Key Factors to consider when receiving a franchise disclosure document

Thinking of investing in a Franchise? Consider the important factors to look out for in the franchisor’s disclosure documents.

Key Takeaways

  • If a franchisor is not disclosing important information or reports to support its claim, it is a clear warning sign to ask further questions and investigate into the business operations.
  • Upfront costs, day-to-day expenses for operating the franchise, and any significant costs related to the business are important to consider and obtain clear information on before entering into a franchise agreement.
  • Be sure to have your accountant and solicitor consider the financial reports and disclosure documents and provide advice to you.
  • Liaise with your franchisor to clarify your questions and negotiate amendments to the franchise agreement.

When you are considering becoming a franchisee, a franchisor must disclose important information about the franchise before purchasing it, which is normally provided in a disclosure document. This information is critical to you and may cause you to question whether you buy the franchise.

Here we set out some critical information that should be covered in the disclosure document and the warning signs to look out for in each.

  1. Franchise History
  • Information on how long the franchise has been operating, and the experience of the managers of the franchise.
  • Whether any dispute between franchisors and franchisees occurred. This can be raised with the franchisor who may provide further insight into the issues. This will allow you to understand the level of support or communication in the franchise system.
  • Use the above information to search the people running the business, and any other businesses the franchisor officers were involved in.
  • Look out for gaps in the history of the business operation, minimal experience in running a franchise business, and high or frequent levels of dispute. 
  1. Former Franchisees
  • Information and contact details for former franchisees could assist you in understanding why someone decided to leave the business, how many years they were in the business and advice.
  • Look out for whether no contact details are available for former franchisees, as this may be a sign that the franchisor does not want you to contact a former franchisee.
  1. Litigation
  • The history of the litigation or disputes between the franchisor and franchisees and provides further insight into the relationships within the system.
  • Do the directors or franchisors have a history of not complying with the law, or history of debt. Have they been in proceedings for insolvency, bankruptcy or any involvement in crime?
  • Pay attention to any recurrence or patterns of issues.
  • Look out for whether the franchisor is in legal proceedings against the franchisees, or any directors or franchisors have become insolvent or bankrupt.
  1. Goods and Services
  • Information about where you can purchase goods or services from to run the franchise, which may restrict you from purchasing from specific suppliers.
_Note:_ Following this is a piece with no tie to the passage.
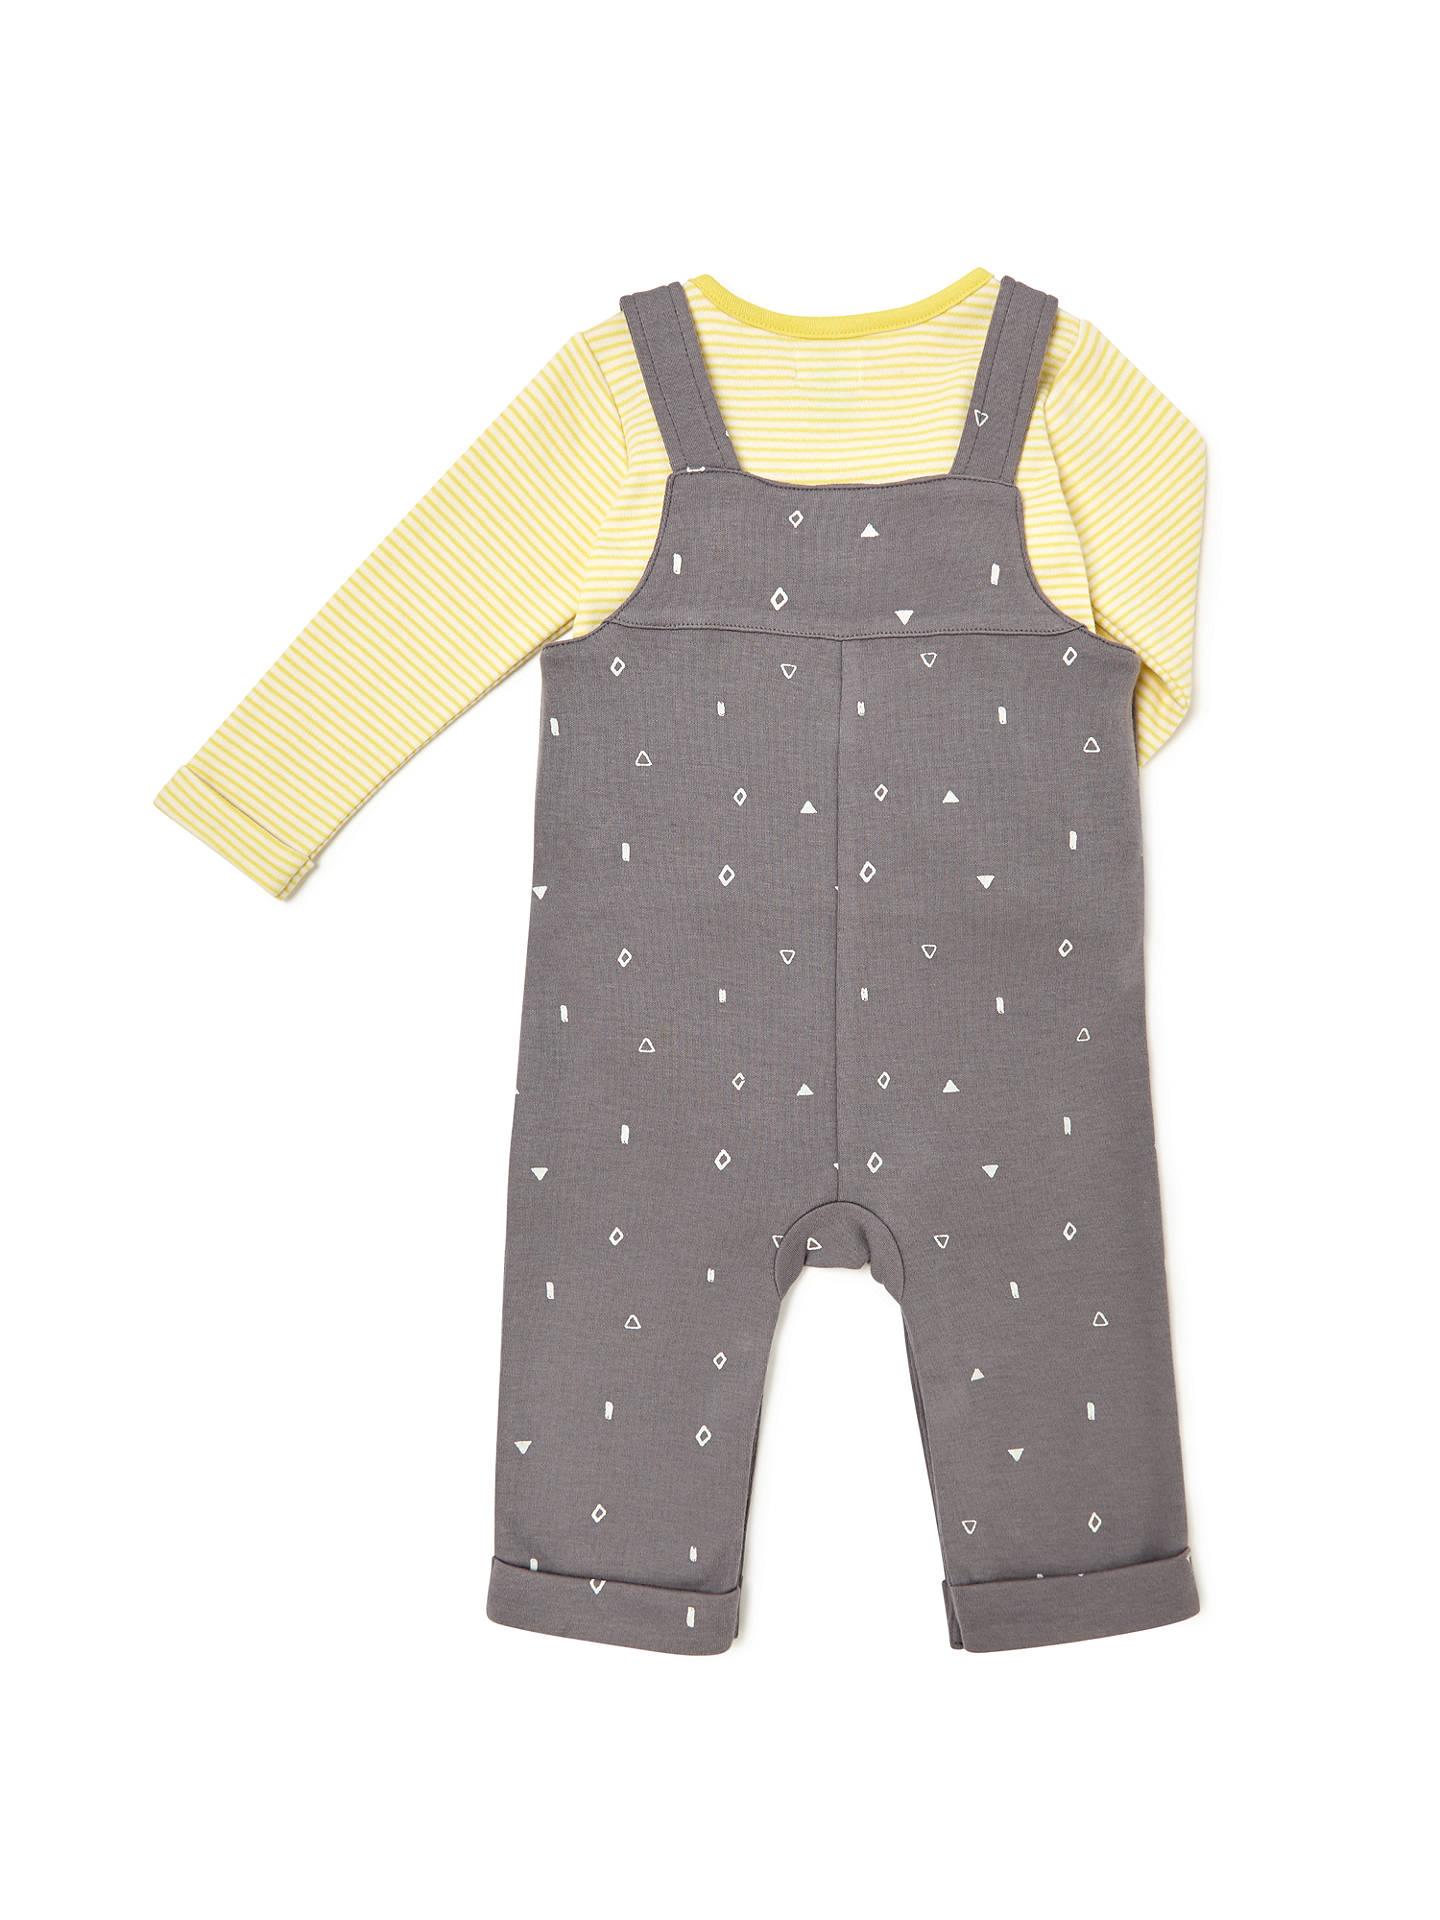 John Lewis Baby Shapes Jersey Dungaree And Top Set Grey Yellow Newborn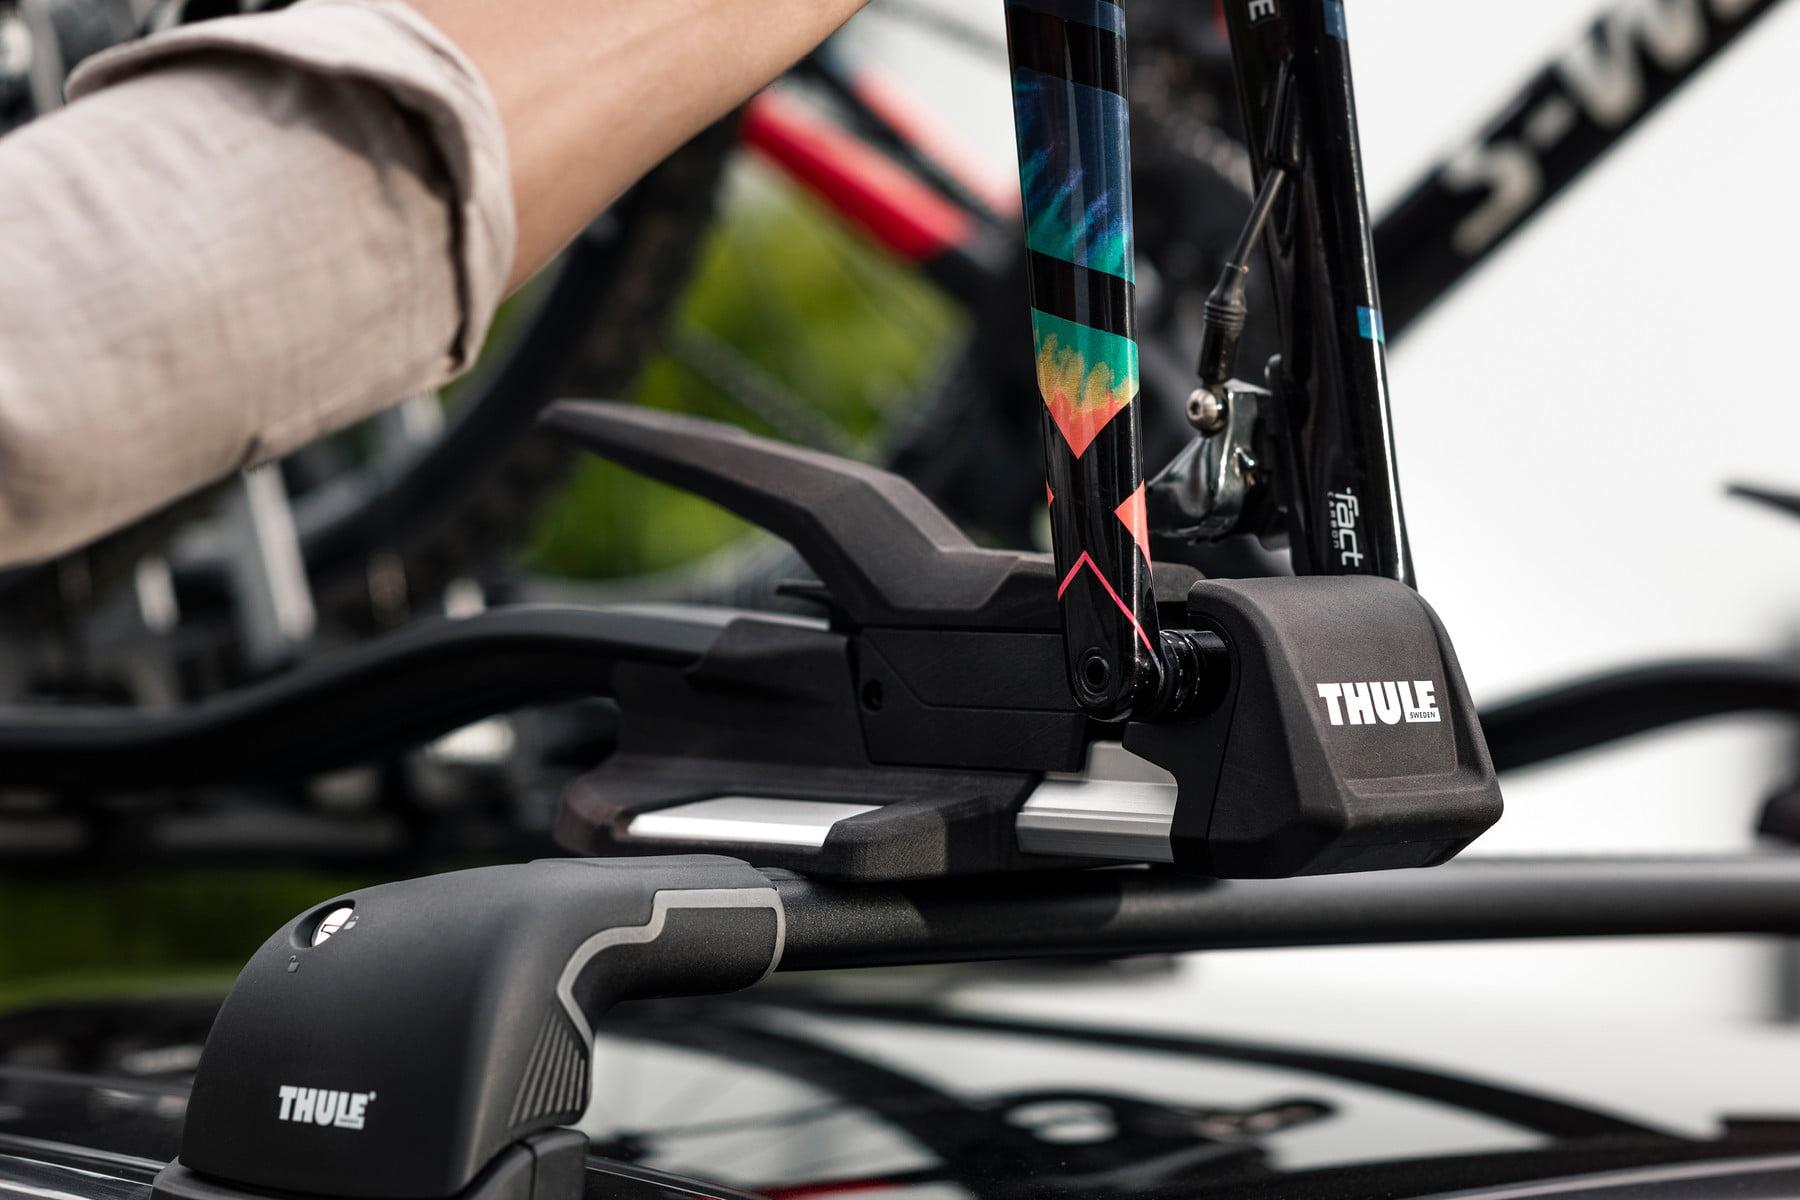 Suport biciclete Thule TopRide cu prindere pe bare transversale 4

Whether the franchisor receives any financial gain from these suppliers, like a percentage of each order made by its franchisees.
  • This information is important to consider as the franchise would be uncompetitive, and you may not be able to take advantage of better deals for supplies.
  • Look out for whether the rebates a franchisor receives from suppliers are shared with franchisees. Also, consider whether you could purchase the same goods or services from another supplier significantly cheaper and raise this with the franchisor before entering into a franchise agreement.
  1. Size and territories
  • This information about where you can run the business, or who ran the business at this site before you are important. It may limit the area in which franchisees can operate or expand.
  • Previous operators in this location or nearby may tell you more information as to why they stopped operating.
  • Look out for whether there is no information about the previous owner’s site history (ask the franchisor for these details) and if the franchisor says you should not speak to previous franchisees.
  1. Costs and expenditure
  • The start-up costs and running of the business costs are critical information on whether you can afford it and make money from the business. Capital expenditure should be disclosed such as its timing and nature of the capital spending, and the reasons for such expenses.
  • Additional fees and costs, like marketing fees during operation, fees payable before and after the franchise agreement is in place, for example replacing equipment, refurbishing premises, and branding. You can ask for further details from the franchisor on required expenses, or any significant one-off costs.
  • You can ask other franchisees questions about the running of their businesses and the costs they incur.
  • Look out for whether there are no amounts listed for the cost of wages, rent or stock, or whether you are not able to determine the costs of setting up the business. Whether there is any supportive evidence to show how much money the franchisor is claiming the business can make.
  • Look out for whether there are exact details of what marketing is done, and whether the franchisor contributes to the marketing fund equal to franchisees.
  1. Ending Franchise
  • Information about when the franchise ends, or what happens when the franchise agreement is terminated. Whether there is an option to renew or extend the term of the agreement.
  • Whether there is an option for you to sell your franchise business after or during the term of your agreement with the franchisor.
  • Consider whether there is any restraint of trade after the end of the agreement. Restricting you from operating a similar business within a certain distance from the franchise location, for a specific period. This is critical for you to consider and discuss with your solicitor before entering into a franchise agreement.
  • Look out on whether it is not clear whether you are entitled to a further term, as you may invest money and renovate the business and not be granted a further period to operate the franchise.
  • It is important to look out for terms limiting where or how you can work after the end of the term, which seem unreasonable and may affect your ability to work and make a living after the franchise agreement ends.
  1. Dispute Resolution
  • Consider whether there is a dispute resolution mechanism. Importantly it allows you to attempt to resolve a dispute via a formal process before the franchise agreement ends.
  • Ensure that you understand both how disputes will be resolved and the amount of time you have to rectify breaches of the franchise agreement
  • Look out for whether the franchisor does not agree to have an option of binding arbitration in the event of an unresolved dispute.
  1. Financial details of Franchisor
  • Statements and reports about the franchisor’s financial circumstances and the stability of businesses should be included. This includes profit and loss statements and balance sheets.
  • If no financial report is provided to you request this from the franchisor, as it may show the business is struggling.
  • Provide all these reports to your accountant or business advisor to obtain advice.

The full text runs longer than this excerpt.